Experiment with Real Images
The real experiment is conducted on a ceramic mouse. The mouse toy is put on a turntable. The relative positions of the lighting and the camera is fixed. The image sequence is taken by a Cannon 450D camera with a 34 mm lens. The camera is calibrated using a chessboard pattern and a mirror sphere is used to calibrate the light. The image sequence is captured with the rotation angle at five degree spacing. It can be observed that there are specularities on the body of the mouse. The intensity threshold is used to eliminate the bad effect of the specularities since the proposed algorithm only works well on lambertian surface. In order to avoid the shadow effect for solving the partial differential equation, Sthre = 27 is used which is smaller than the value used in the synthetic experiment since the captured images are comparatively darker. The original images and the characteristic curves are shown in Figure 6. Although the mouse toy has a complex topology and the images have shadows and specularities, good results can be obtained under this simple setting.
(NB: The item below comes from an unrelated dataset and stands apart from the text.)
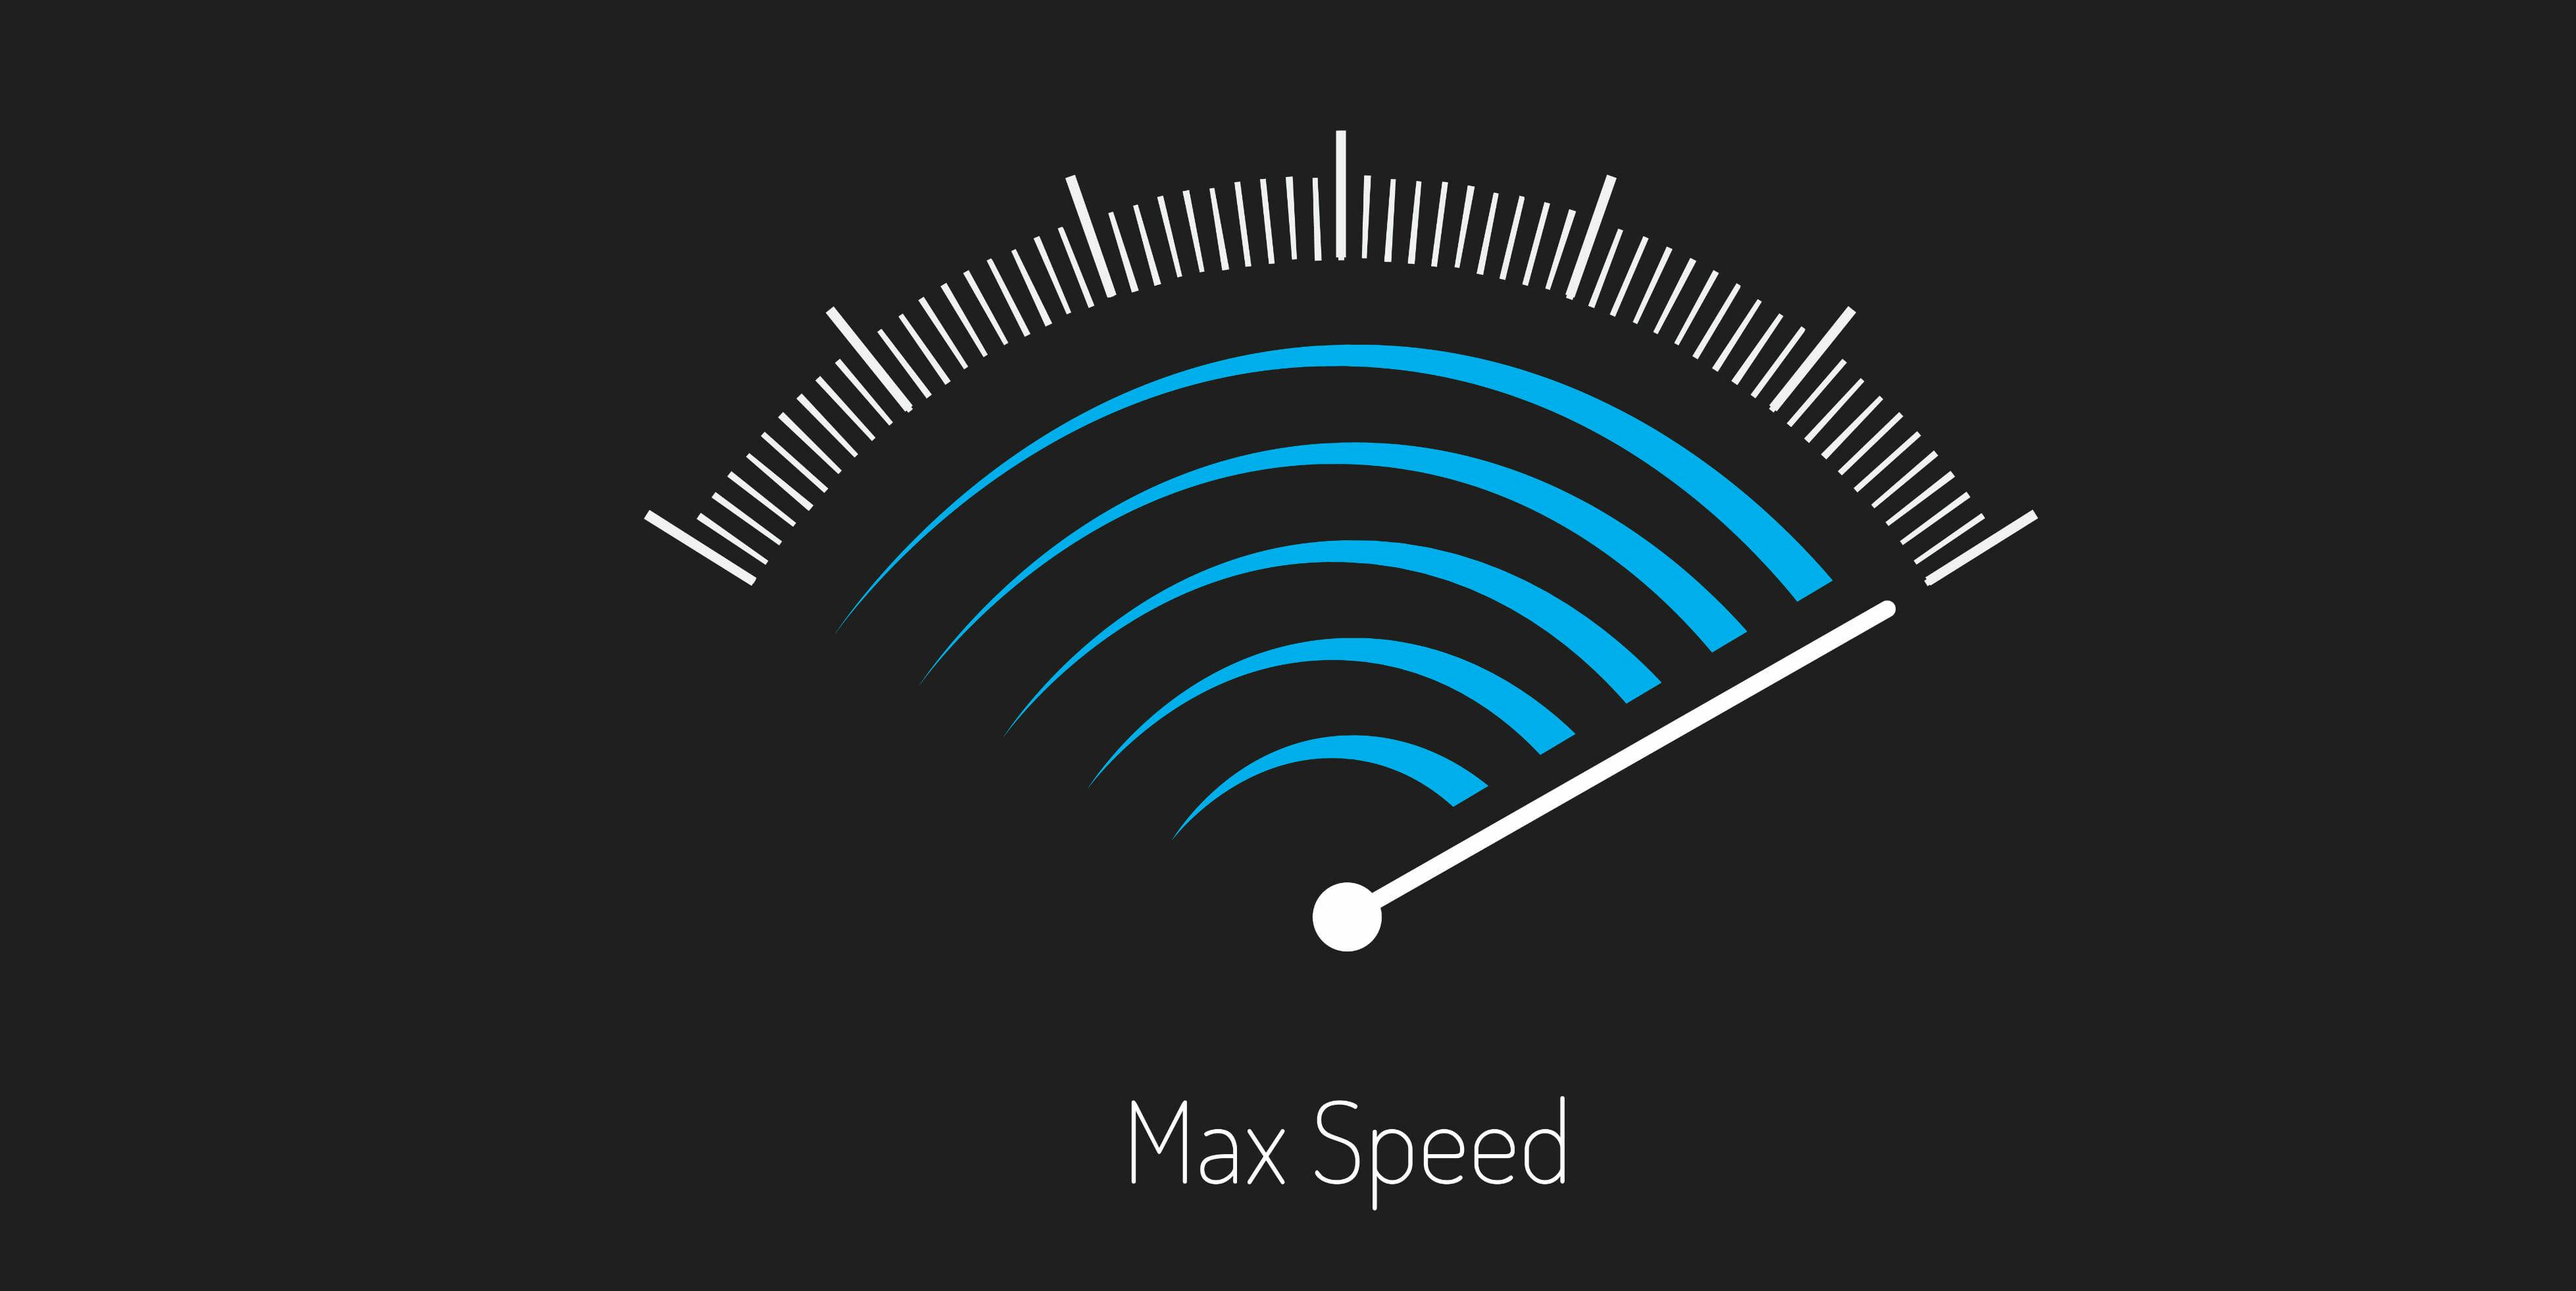 marionet uddøde beskytte What Is a Good Internet Speed? Here's What You Need

Right column of Figure 6 shows the results.
Fig. 6. Shape recovery for a mouse toy. Left column: two images used for shape recovery. Middle column: characteristic curves for the view corresponding to the top image in the left column (top) and the characteristic curves observed in a different view (bottom).Right column: Recovered shape with shadings in two different views.
Conclusions
This paper re-examines the fundamental ideas of the Two-Frame-Theory and derives a different form of first order quasi-linear partial differential equation for turntable motion. It extends the Two-Frame-Theory to perspective projection, and derives the Dirichlet boundary condition using dynamic programming. The shape of the object can be recovered by the method of characteristics. Turntable motion is considered in the paper as it is the most common setup for acquiring images around an object. Turntable motion also simplifies the analysis and avoids the difficulty of obtaining the rotation angle in [1]. The newly proposed partial differential equation makes the two frame method more useful for a more general setting. Although the proposed method is promising, it still has some limitations. For instance, the proposed algorithm cannot deal with object rotating with large angles. If the object rotates with large angle, image intensities on the second image cannot be approximated by the two dimensional Taylor expansion. Some coarse-to-fine strategies can be used to derive new equations. In additions, the object is assumed to have a lambertian surface and the lighting is assumed to be a directional light source. The recovered surface can be used as an initialization for shape recovery method using optimization, which can finally get a full 3D model. Further improvement should be made before the method can be applied to an object under general lightings and general motion.